Activity:
Return the data that follows exactly as it appears. Pictures do not belong in the copy.

#### Information provided ####

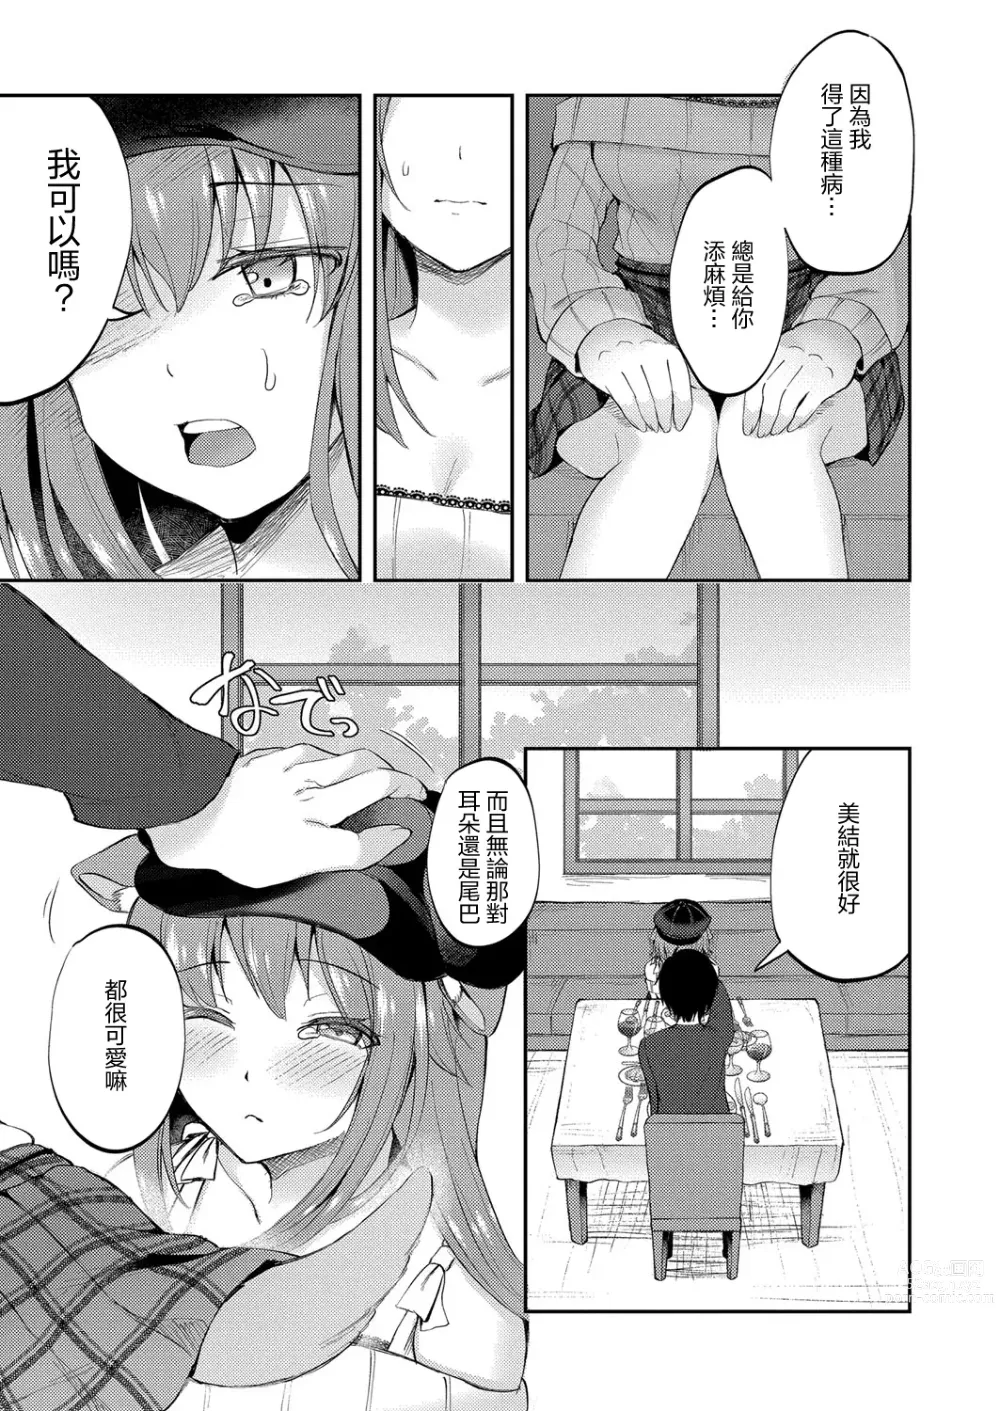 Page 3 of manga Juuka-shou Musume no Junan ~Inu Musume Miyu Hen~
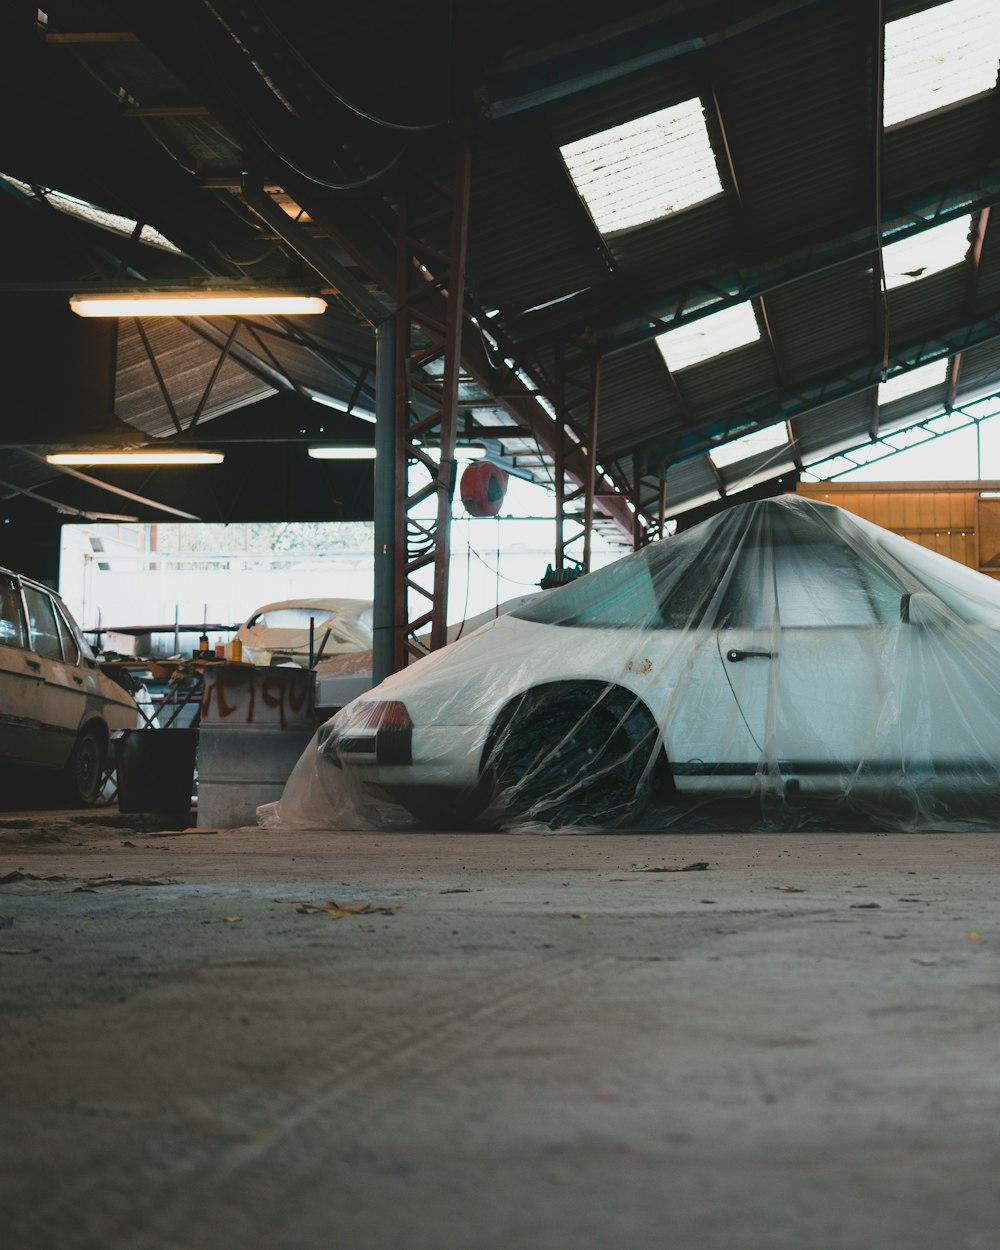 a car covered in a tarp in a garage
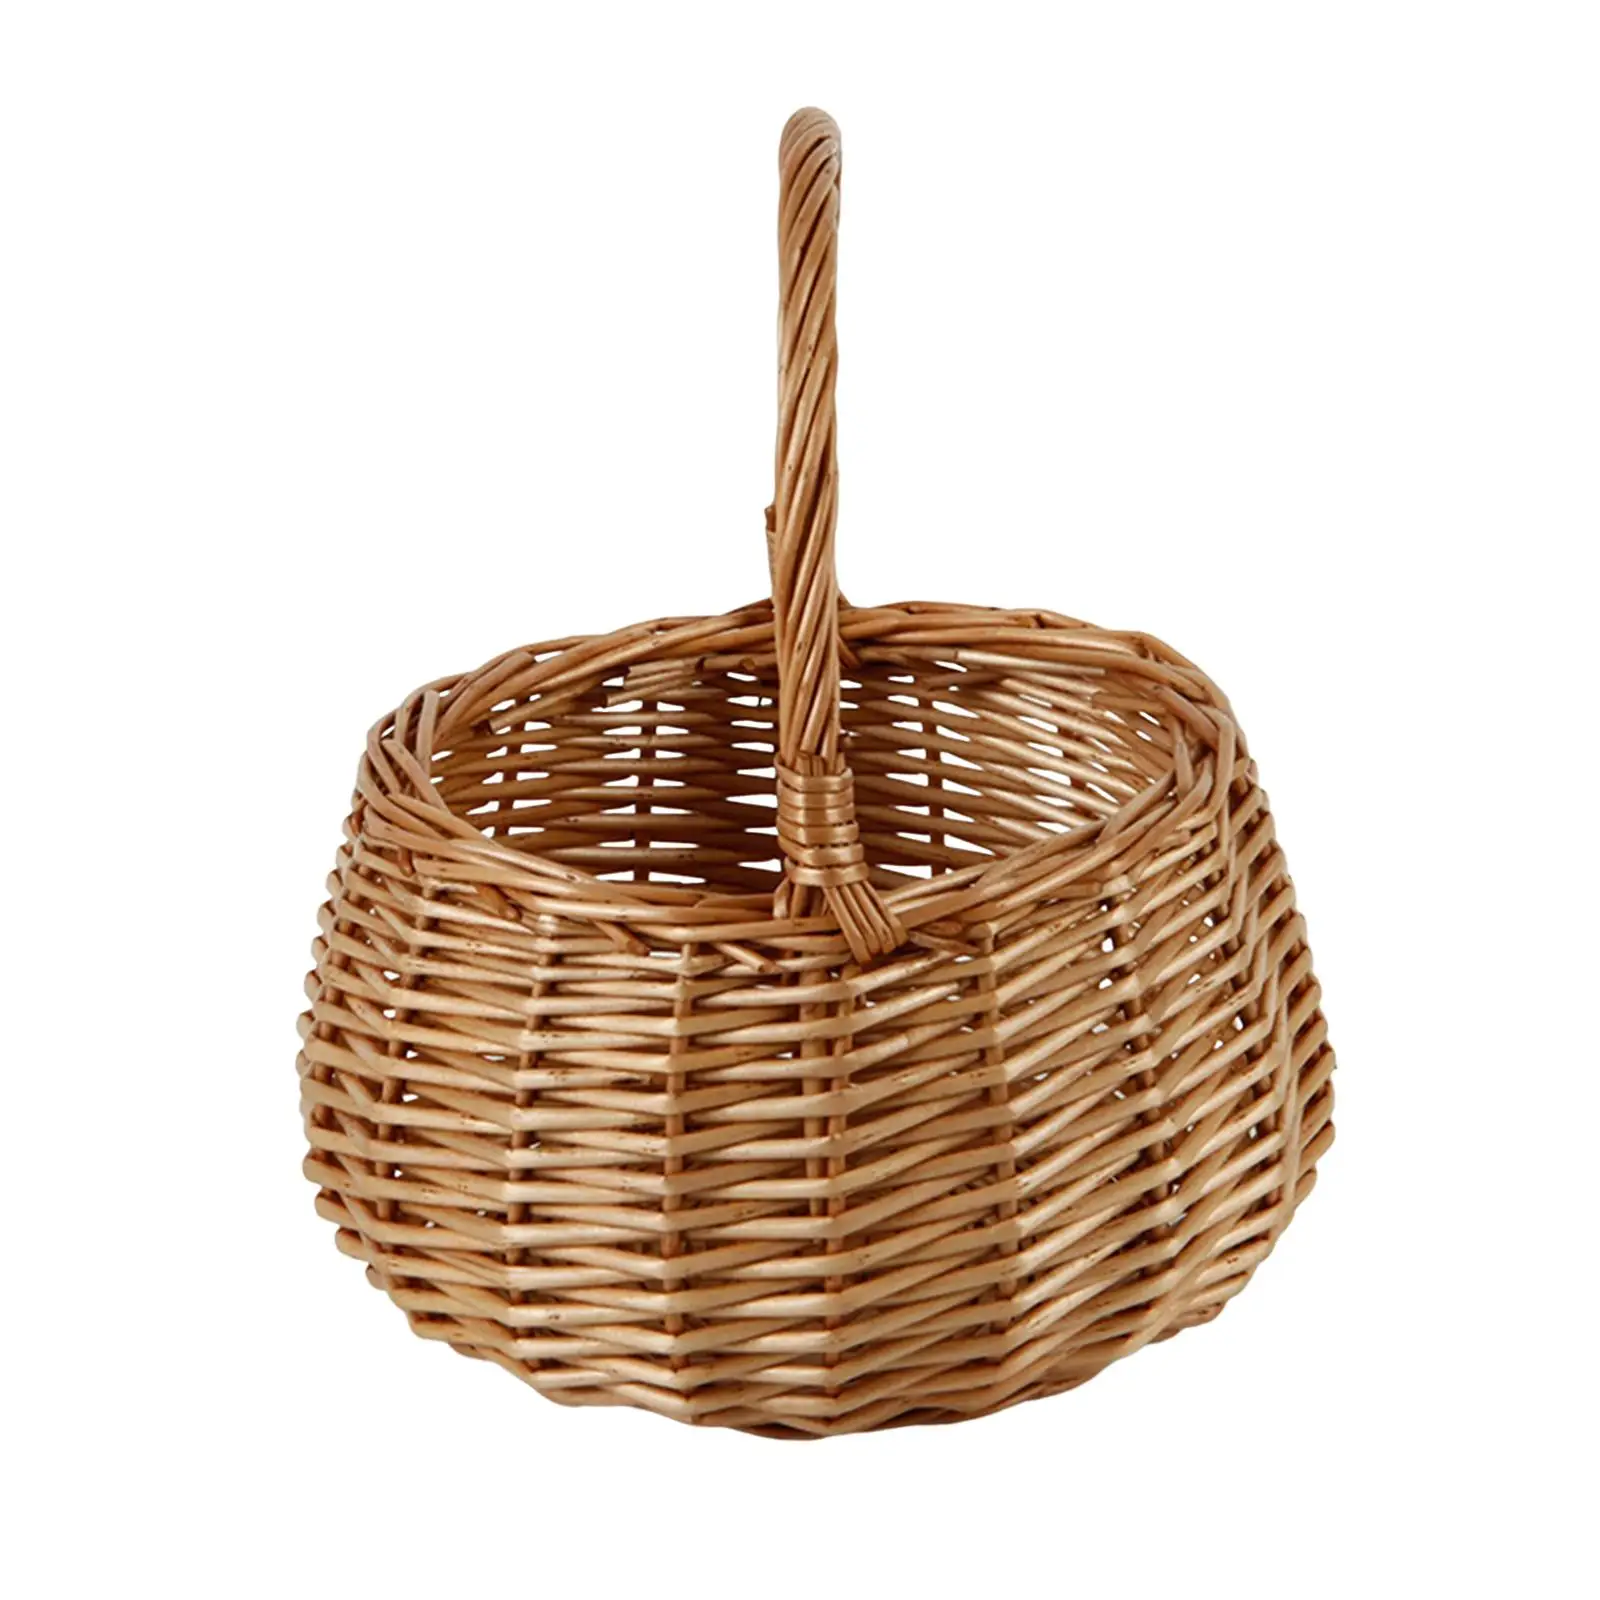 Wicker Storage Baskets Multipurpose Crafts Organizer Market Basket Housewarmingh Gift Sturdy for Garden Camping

####

Exercise solution:
 Page 3 of manga Juuka-shou Musume no Junan ~Inu Musume Miyu Hen~
 a car covered in a tarp in a garage
 Wicker Storage Baskets Multipurpose Crafts Organizer Market Basket Housewarmingh Gift Sturdy for Garden Camping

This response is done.